Hicks was a rather shy, naive youngster from Tacoma, Wash., when he broke into radio in 1928.
He started as an assistant to the late Graham McNamee in sports broadcasts, then became a newscaster of considerable stature by himself. He covered the first undersea broadcast from a submarine, the arrival of the Graf Zeppelin in New York on its round-the-world trip, and—during World War II—the invasion of Normandy, broadcasting from the attack force command ship Ancon off Omaha Beach.
But back to the early thirties men like Hicks were general announcers, in addition to pioneering newscasters, and George, when he wasn't backstopping Graham McNamee, was given other microphone chores. That's how he came to do the Canada Dry stint.
"The show paid no commercial fee and we had an old-fashioned carbon mike which required a deep voice," Hick recalls. "That's probably why they picked me for the assignment.
Ed Was There
"Benny was just making his start in broadcasting in those days. He had been on a show titled "Broadway's Greatest Thrills," emceed by Ed Sullivan, on the station that is now WCBS in New York, on March 29, 1932. As a result of his appearance (in which he introduced himself by saying "My name is Jack Benny. There will now be a short pause while everyone says, 'So What?'"), Canada Dry signed him to do a show titled "George Olson and His Famous Band, With Ethel Shutta, also starring Jack Benny."

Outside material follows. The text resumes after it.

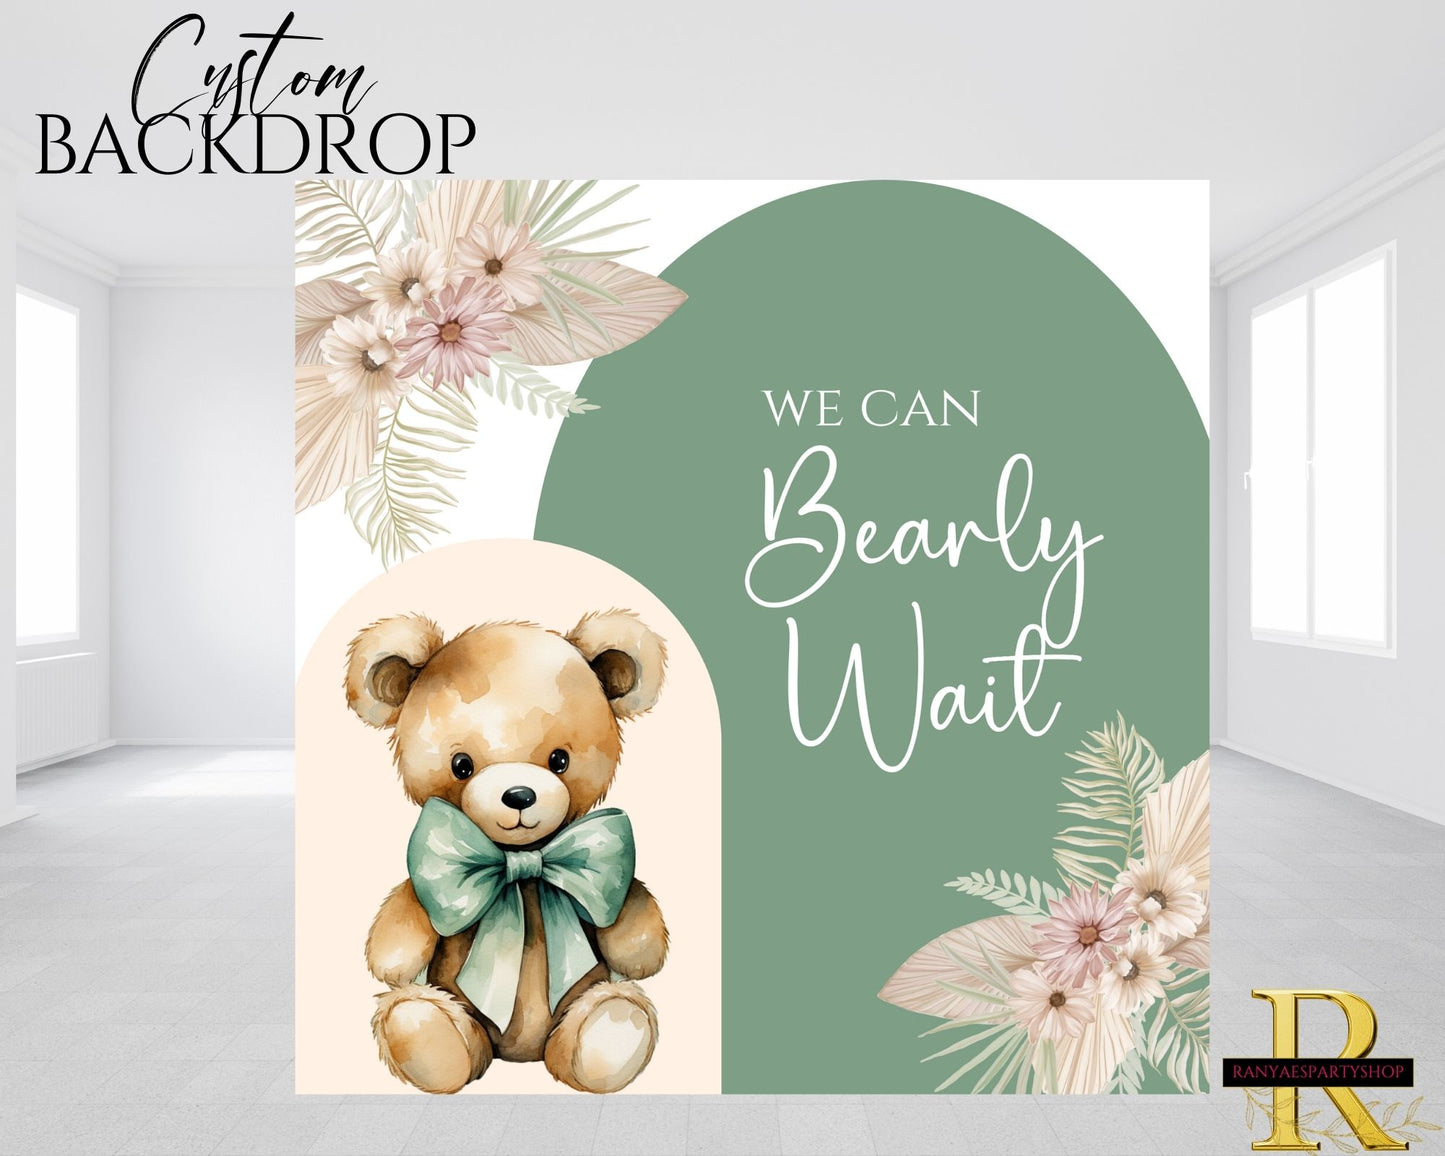 We Can Bearly Wait Baby Shower  Backdrop | Bearly Wait Baby Shower | Baby Shower Decorations | Beary Baby Shower

Mary Livingstone, Don Wilson, Rochester, and the others identified with Jack weren't to come for many years, Hicks notes.

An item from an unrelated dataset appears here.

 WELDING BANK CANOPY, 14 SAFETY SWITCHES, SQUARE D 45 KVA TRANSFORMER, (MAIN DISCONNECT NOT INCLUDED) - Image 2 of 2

"Mary was just as close to Jack as she is now," he recalls, "but she wasn't in the cast. She used to drop around between rehearsals and we'd go out for coffee and cake. Ethel Shutta had the role Mary takes now—Jack was always trying to date her up. She was Mrs. George Olson, you may remember, and she always turned Jack down as George grinned overbearingly at him."
He Was Shy
Hicks himself was a combination of Don Wilson and Dennis Day, as their characters were later developed, on Benny's show. Being young, he was a little shy working with a famous bandleader and a big star, and his awe sometimes overcame him. As a result, the commercials didn't always come out of his mouth the way they were written in the script. He faltered or stumbled, lousing up the timing, and sometimes mixed up the words.
"Jack had a lot of fun with me on this score," he recalls.
"But our greatest laughs came when we kidded the commercials. Later in radio and television other comics were hailed as having a fresh approach when they kidded the commercials, but it was Benny's show that actually started it."
The president of Canada Dry at first protested the liberties that were being taken with his product, but when he learned that both the critics and the public liked it—and were buying the product he relented.
Hicks left the show when the series left the Blue Network, on whose payroll he was, and went to CBS. On CBS the program remained until January 1, 1933, when it was shifted to NBC, where it stayed until Benny returned to CBS Television in 1948.
Hicks lives today in Jackson Heights, a suburb of New York City. He is a grandfather and paints as a hobby.
Hicks stayed with the Blue Network, later renamed ABC, doing a Thursday night, five-minute look-back-at-the-news programme until the start of June, 1949. He ended up back at NBC News broadcasting a daytime news summary. The network used him in publicity literature but harkened on his radio work during the war. Radio was fading away, television had taken over, and a new guard was coming in. Hicks ended up back at ABC in 1953-54. He died of cancer at his home in Queens, New York, on March 17, 1965, age 60.